Similarly, Zeng et al [31] measured the BMD values using GE Lunar dual-energy X-ray absorptiometry (DXA) in China and estimated the age-standardized prevalence rate of osteoporosis in male and female participants older than 50 years old to be 6.46% and 29.13%, respectively. Wang et al [32] measured the BMD values using DXA and reported that the prevalence rate of osteoporosis among male participants aged 40 years or older was 5% and 20.6% among female participants of the same age group in China. A previous study has shown that QUS and X-ray density measurement BMD methods (DXA and central quantitative computed tomography) showed the same ability to distinguish between normal populations and osteoporosis [33]. Many epidemiological studies use QUS as a screening tool for osteoporosis because it is easier to expand the sample size, simplify the measuring method, and reduce the cost [34,35]. Other important prospective studies have assessed fracture risk through calcaneal QUS [36,37]. The EPIC-Norfolk prospective population study [37] demonstrated that measuring BMD by QUS at the calcaneus can effectively predict fracture risk in the future. It is worth noting that the QUS T-score may be more adaptable for clinically detecting the risk of osteoporosis in female patients [38]. However, the age-standardized prevalence of osteoporosis at different sites (lumbar spine, femoral neck, and total femur) is also different [31]. Wang et al [39] and Chen et al [40] reported gaps in the prevalence of osteoporosis. Wang et al [28] detected the BMD in the lumbar vertebra and left hip joint by DXA and also confirmed that the prevalence of osteoporosis would be greatly reduced if diagnosed with BMD in every single region only. It is worth noting that the prevalence rates of postmenopausal female participants in this study are close to the results of Wang et al [28], which diagnosed hip BMD. Thus, we speculated that the relative differences in prevalence rates may be due to different measurement regions and a single region. The prevalence rates of osteopenia and osteoporosis in the current population were moderate compared to the previous studies. Importantly, the age-standardized prevalence rates of osteopenia and osteoporosis were higher (79,727,904.8/169,146,870, 47.14% and 24,113,222.94/169,146,870, 14.26%) in female participants aged 50 years and older.

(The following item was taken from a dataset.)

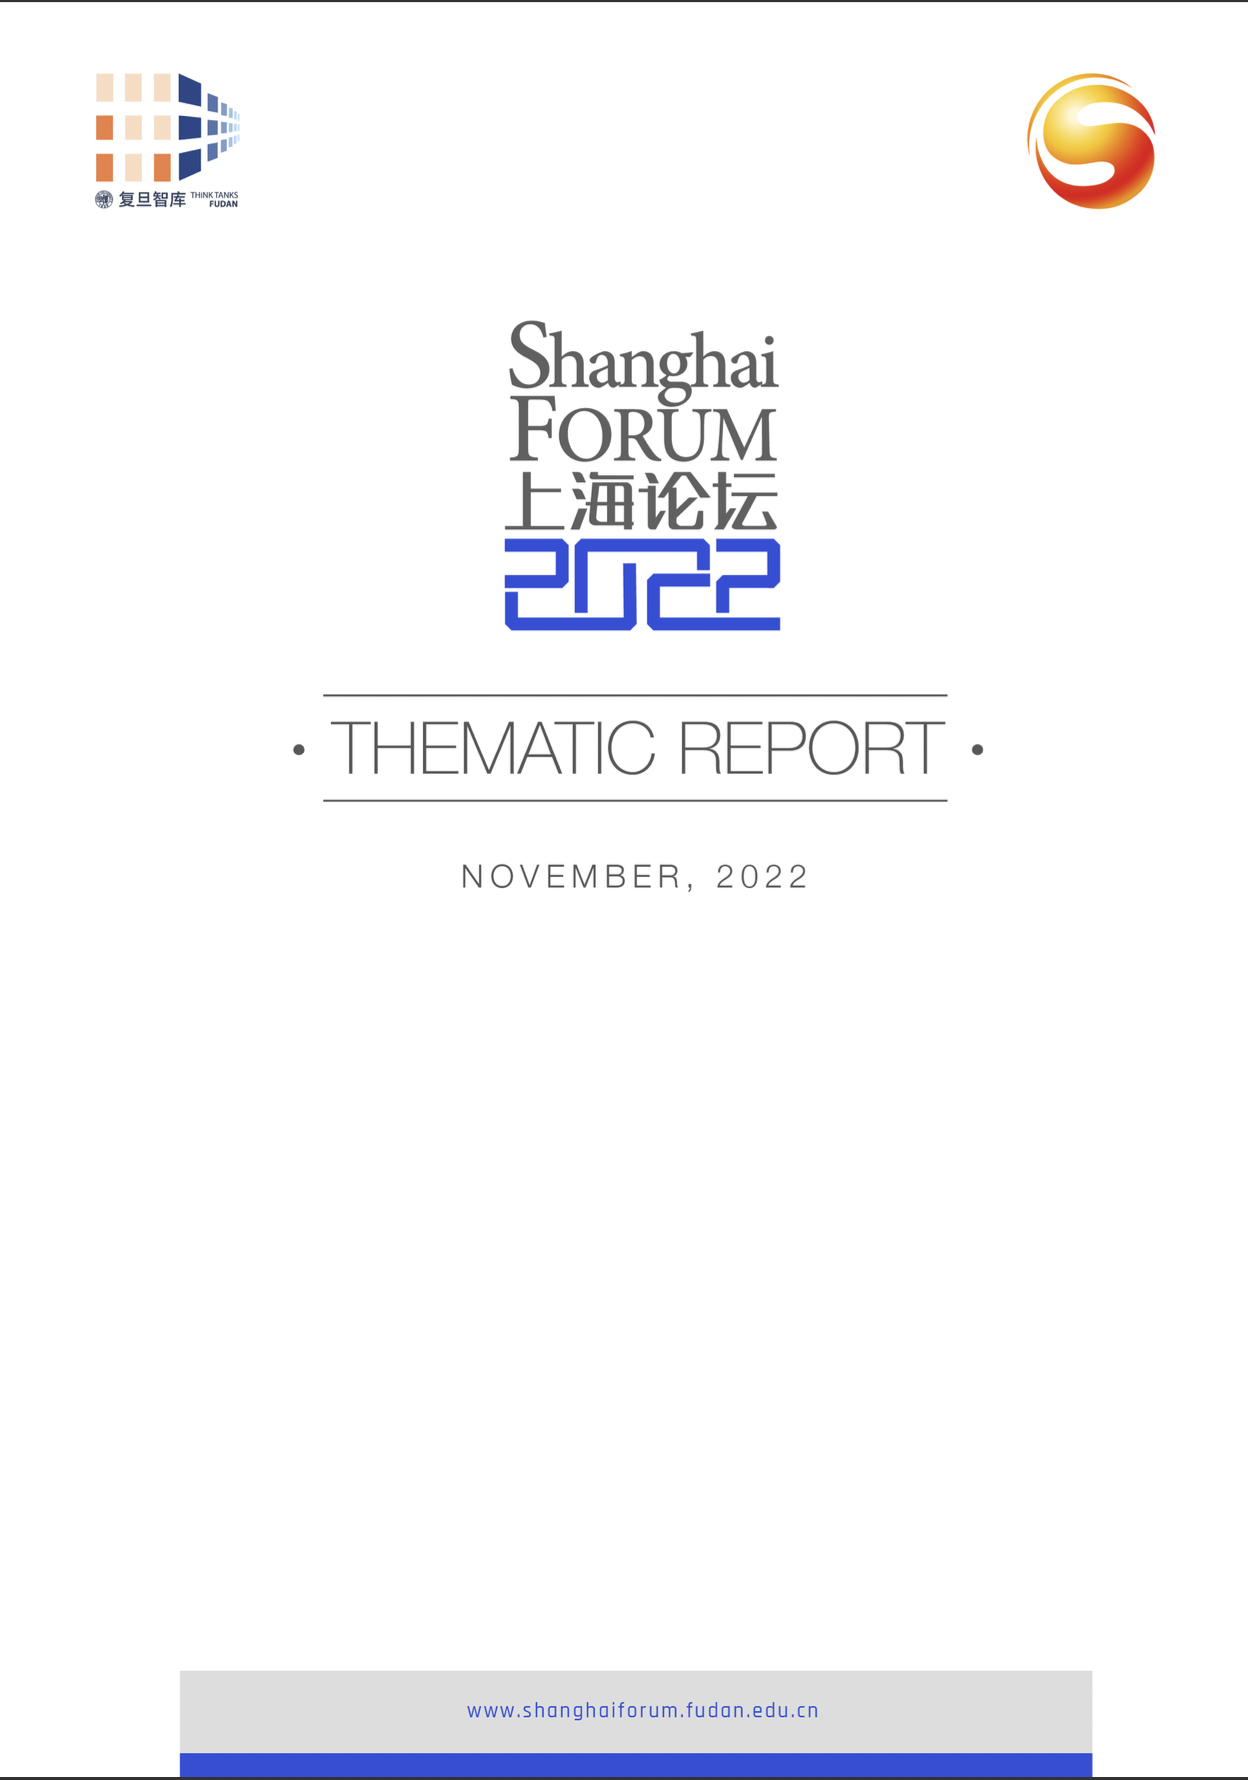 Shanghai Forum 2022 Thematic Report
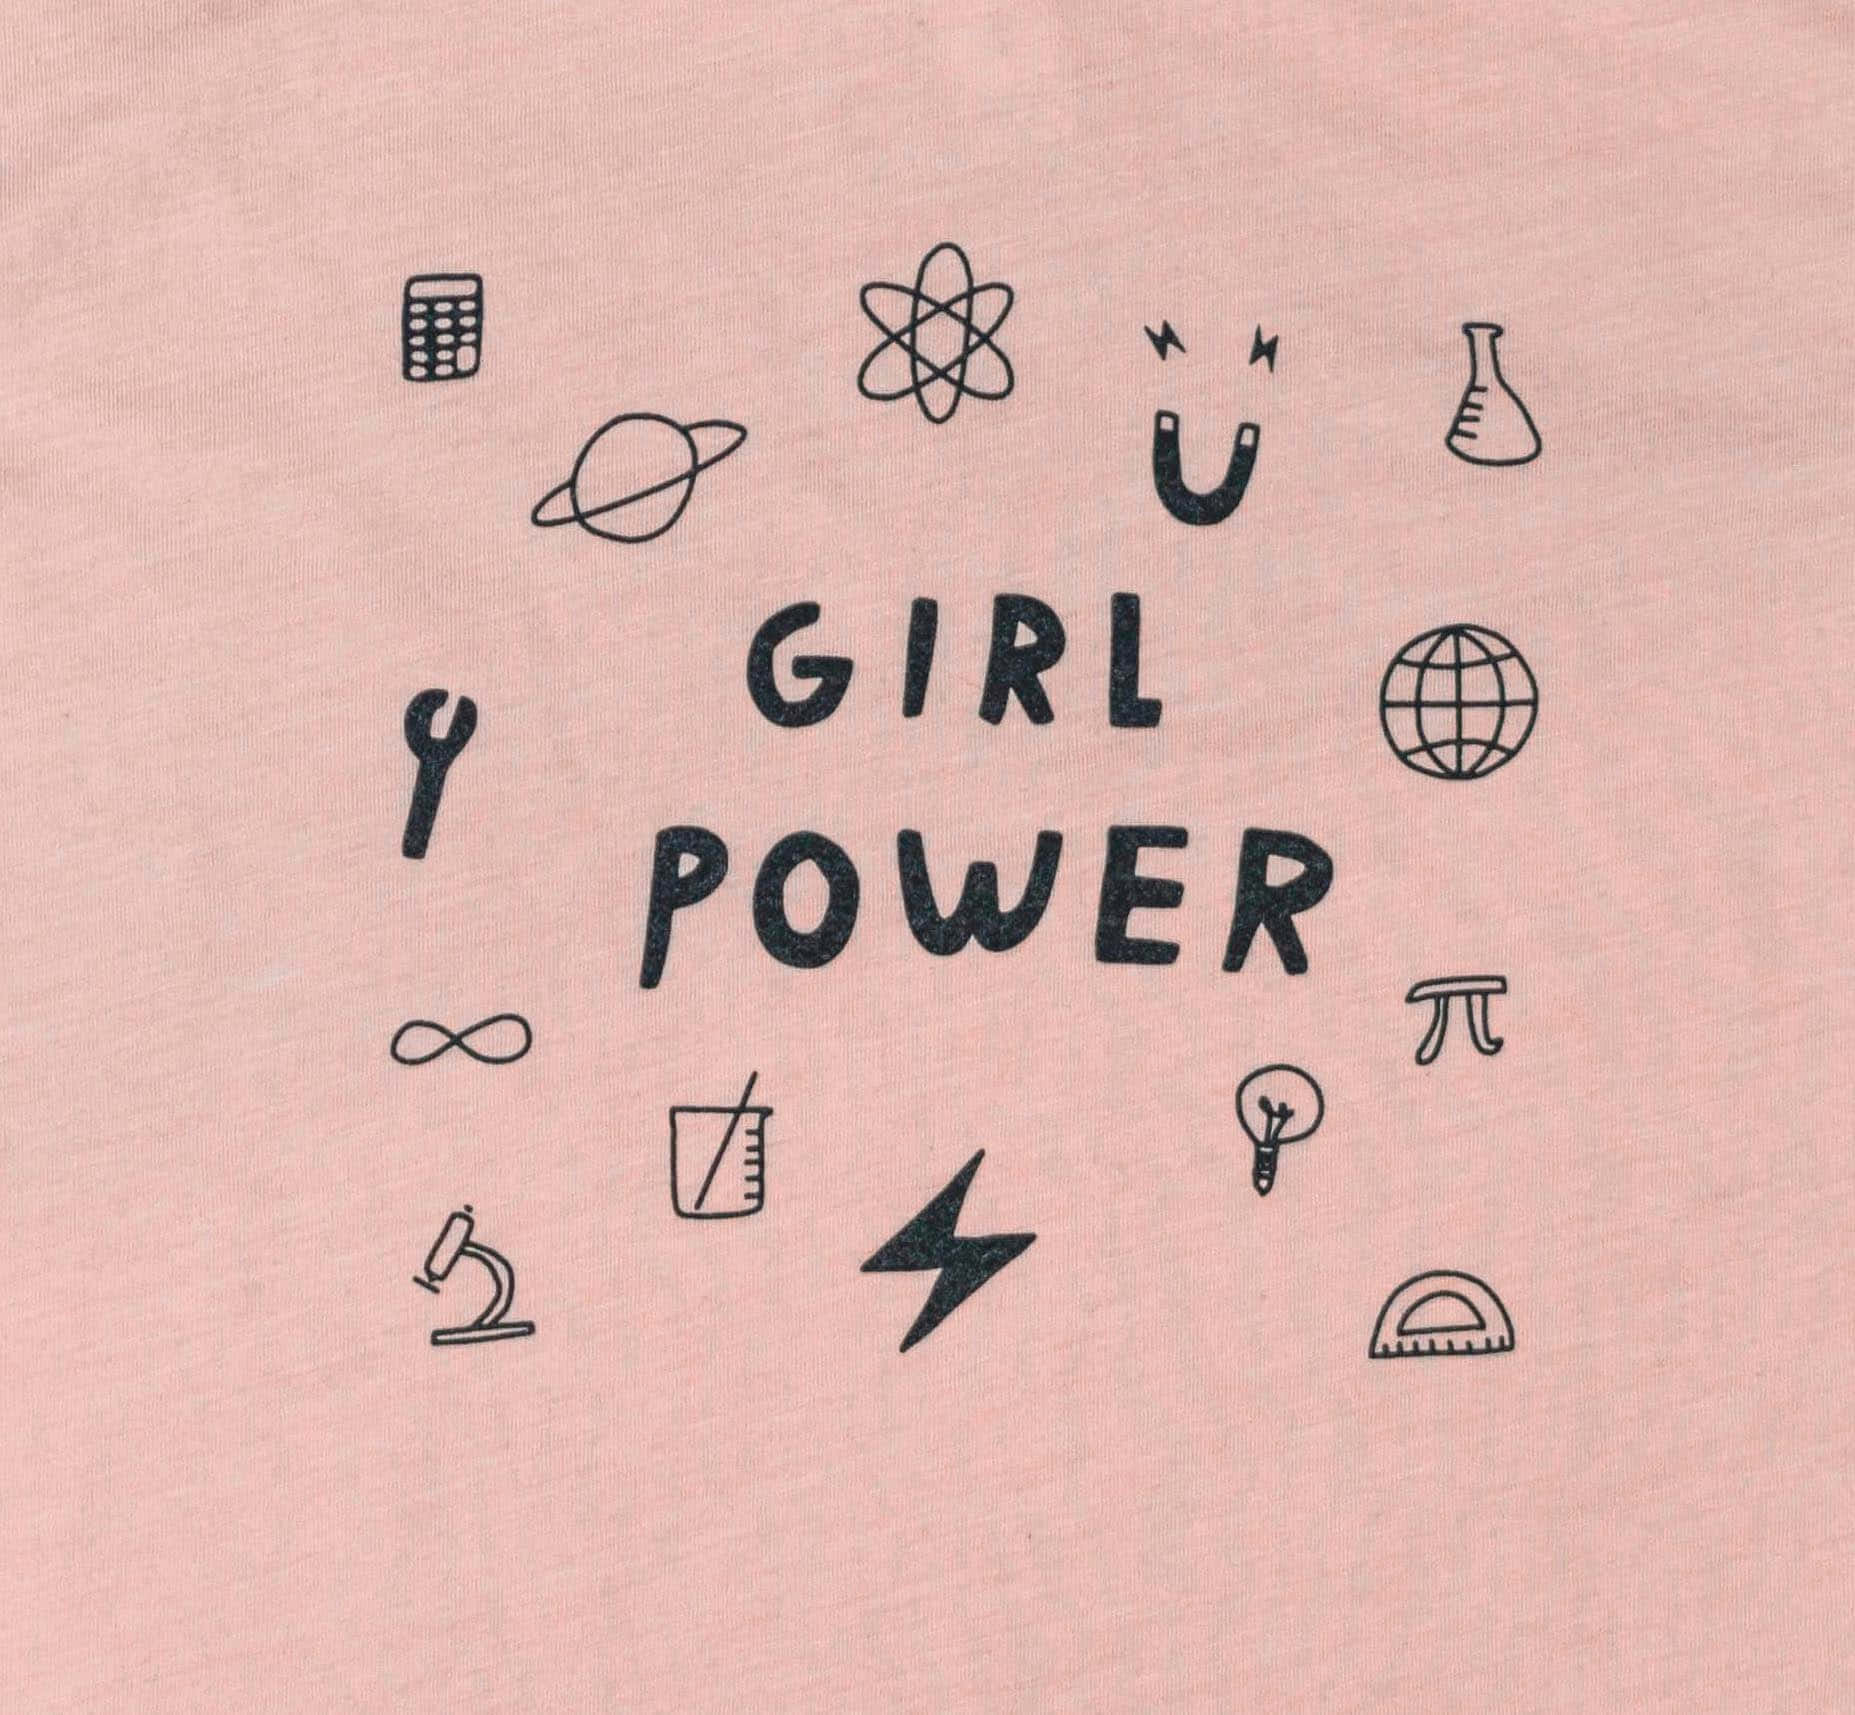 Girl Power Feminist Symbols T Shirt Design Wallpaper

There are significant sex differences in the prevalence and pathogenesis of osteoporosis [41]. Previous studies found that osteoporosis was more prevalent among female than male participants, especially among postmenopausal female participants [27,31]. For menopausal females, the sudden change in hormonal levels can contribute to increased bone loss. Our results are consistent with the previous reports.

A prospective cohort study in an Italian population assessed the association between dietary calcium intake and osteoporosis and a fragility fracture. Their results indicated that low calcium intake was a risk factor for low BMD in Italy [42]. However, in one of the central populations of the Canadian Multicentre Osteoporosis Study, it was found that older female participants taking calcium supplements had no significant BMD preservation [43]. In this study, the prevalence of osteopenia was higher in female participants taking calcium than in those who did not. That may be attributed to the fact that more patients with osteopenia receive diagnosis and treatment advice and take a calcium supplement. Moreover, considering the design of our study is a cross-sectional study, a causal association between calcium supplementation and BMD cannot be stated.

This study indicated that patients with T2DM, dyslipidemia, CHD, and CCVD were associated with higher BMD. In reality, previous observations reported that the association of BMD value with T2DM was inconclusive [15,16]. Recently, Wang et al [28] also found that T2DM was associated with higher BMD. Even some large clinical studies revealed the same results [44,45]. Some researchers have speculated the anabolic effect of insulin on bone tissue [46]. Hyperinsulinemia caused by insulin resistance in T2DM may negatively affect sex hormone–binding globulin, leading to higher free sex hormone levels that may protect patients with T2DM from bone loss [47,48]. However, animal models have indicated that although bone density is greater in diabetes, the bone structure is more fragile, with fractures occurring under a smaller load and the bones exhibiting reduced mechanical indices [49]. Thus, even though the BMD was high in T2DM, it still should pay more attention to patients with T2DM.

As a marker of bone turnover, osteoprotegerin (OPG) can reflect the level of bone metabolism and is used to treat osteoporosis. The animal study results found that OPG-deficient mice develop osteoporosis and premature arterial calcification, suggesting that the OPG system affects vascular calcification [50]. The human study showed that increased OPG levels were associated with the risk of fatal stroke and raised the possibility that the OPG system may be involved in vascular calcification [51]. However, this study was unable to confirm the association between BMD and stroke, although the results indicated the association between BMD and CHD and CCVD.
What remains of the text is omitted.